We compare DN2CN to three of the well-known computational methods for causal discovery (Glymour et al., 2019). Two of these algorithms are commonly employed constraint-based algorithms—PC and Fast Causal Inference (FCI) (Spirtes et al., 2000). The third algorithm is a score-based algorithm—Fast Greedy Equivalence Search (FGES) (Ramsey et al., 2017). It must be mentioned that PC, FCI and FGES, are widely applicable as they handle various types of data distributions as well as causal relations, given reliable conditional independence testing methods. We strongly believe that these attributes make them a strong as well as a fair baseline for DN2CN as suggested by Glymour et al. (2019).

We further discuss each of the baseline approaches and their corresponding experimental settings used, as follows:

PC algorithm (denoted PC) (Spirtes et al., 2000) starts with a fully connected undirected graph, tests all possible conditioning set for every order of conditioning and then finally orients the edges. Test statistic we used is the mutual information for PC algorithm, to keep the comparison fair. We used type I error rate; α = 0.05 in our setting.

Fast Greedy Equivalence Search algorithm (denoted FGES) (Ramsey et al., 2017) is an optimized and parallelized version of an algorithm developed by Meek (Meek, 1995) called the Greedy Equivalence Search (GES). GES is a CBN learning algorithm that starts with an empty graph, heuristically performs a forward stepping search over the space of CBNs and stops with the one with the highest score. GES finally performs a backward stepping search that iteratively removes edges until no single edge removal can increase the Bayesian score. We use the modified BIC (Bayesian information criterion) (Schwarz, 1978) score rewritten as ScoreBIC(B:D)=2L(D;θ^,B)-klog|D|, where L is the likelihood, k the number of parameters, and |D| the sample size. So higher BIC scores will correspond to greater dependence.

Fast Causal Inference algorithm (denoted FCI) (Spirtes et al., 2000) is a constraint-based algorithm which learns an equivalence class of CBNs that entail the set of conditional independencies that are true in the data. FCI then orients the edges using the stored conditioning sets that led to the removal of adjacencies earlier. We use the same modified BIC score as with the other baseline, i.e., FGES algorithm.

For PC algorithm we used the open-source implementation, i.e., stable-PC in bnlearn (Scutari, 2009) while TETRAD (Spirtes et al., 2000) was used to run FGES and FCI algorithms; a reliable tool for causal explorations.
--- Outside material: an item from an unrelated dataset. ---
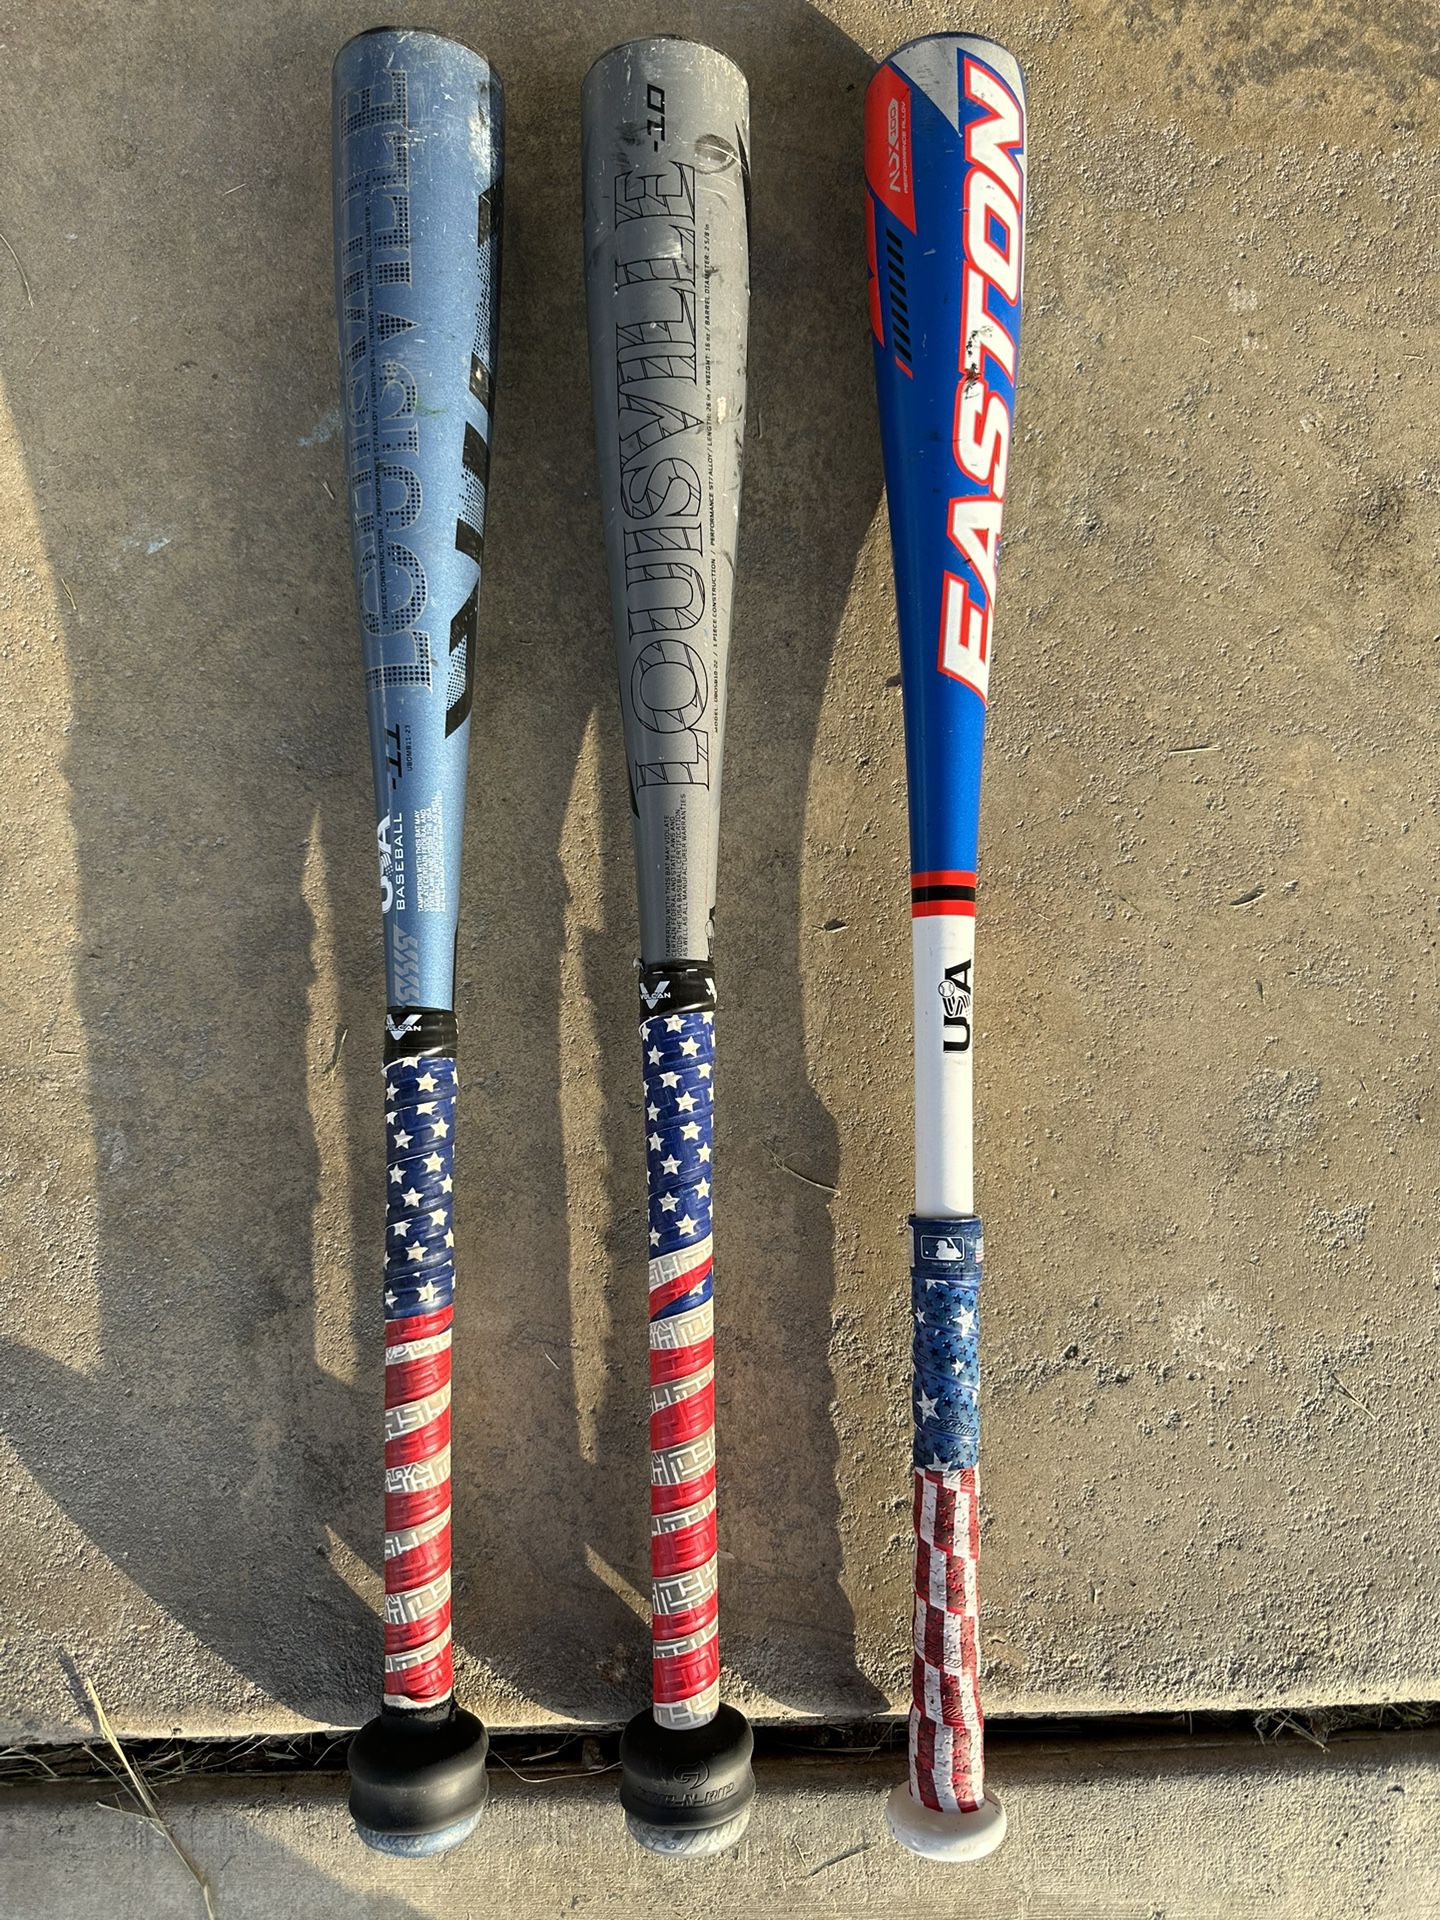 USA Approved Baseball Bat $70 each

Data set details are presented in section 3 which describes the number of variables and the number of training examples.

5.2. Results

Recall that our goal is faithful modeling of underlying data. In addition, we also demonstrate the training log-likelihood of the learned model for (1) ground truth model, (2) model learnt using DN2CN algorithm, (3) model learnt using PC algorithm, (4) model learnt using FGES algorithm, and (5) model learnt using the FCI algorithm. This is to say that our analysis is qualitative as well as quantitative.
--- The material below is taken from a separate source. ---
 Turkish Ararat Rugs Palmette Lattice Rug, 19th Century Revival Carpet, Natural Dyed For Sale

To answer Q1 and Q2, consider the networks presented in Figures 3A–D–5A–D, respectively. These are the learned networks obtained by our approach DN2CN and baseline methods PC, FGES & FCI summarized together with the ground truth network. To evaluate the validity of the proposed approach, we compared the model arcs with those present in the ground truth. An arc is correct, if and only if the same arc exists in the ground truth graph and the orientation of the arc aligns with the orientation in the ground truth graph; an arc is considered incorrect, if the arc does not exist in the ground truth graph or if it exists but its orientation is the opposite of the true orientation. Hence, in all the data sets, to understand the effectiveness of DN2CN, motivated by Sachs et al. (2005), Gao and Ji (2015), and Yu et al. (2019) we summarize the arcs learned by our method as well as PC, FGES and FCI for each data set using the following metrics:

Figure 3

The learned network for (A) Our Approach DN2CN, (B) PC algorithm, (C) Fast Greedy Equivalence Search algorithm (FGES), and (D) Fast Causal Inference algorithm (FCI) and the summary results on LUCAS data set (best viewed in color). Each node represents a feature and the arcs represent causal relationships, i.e., X → Y represents that X is a cause of Y. As can be seen, our DN2CN and FGES had a 100% true positive rate with a 0 false positive and false negative rates. PC and FCI missed two edges each. PC and FCI also introduced spurious edges (incorrect edge orientation).

Figure 4

The learned network for (A) Our Approach DN2CN, (B) PC algorithm (C) Fast Greedy Equivalence Search algorithm (FGES), and (D) Fast Causal Inference algorithm (FCI) and the summary results on ASIA data set (best viewed in color). Each node represents a feature and the arcs represent causal relationships, i.e., X → Y represents that X is a cause of Y. As can be seen, our DN2CN and FGES had a 100% true positive rate with a 0 false positive and false negative rates. PC and FCI both missed two edges. Also, PC introduced two spurious causal edges in the resultant network.

Figure 5

The learned network for (A) Our Approach DN2CN, (B) PC algorithm, (C) Fast Greedy Equivalence Search algorithm (FGES), and (D) Fast Causal Inference algorithm (FCI) and the summary results on T-Cell data set (best viewed in color). Each node represents a feature and the arcs represent causal relationships, i.e., X → Y represents that X is a cause of Y. This is a challenging data set where DN2CN had missed one edge and introduced two spurious edges. PC, on the other hand, had significantly worse performance with 10 missed edges and four spurious ones.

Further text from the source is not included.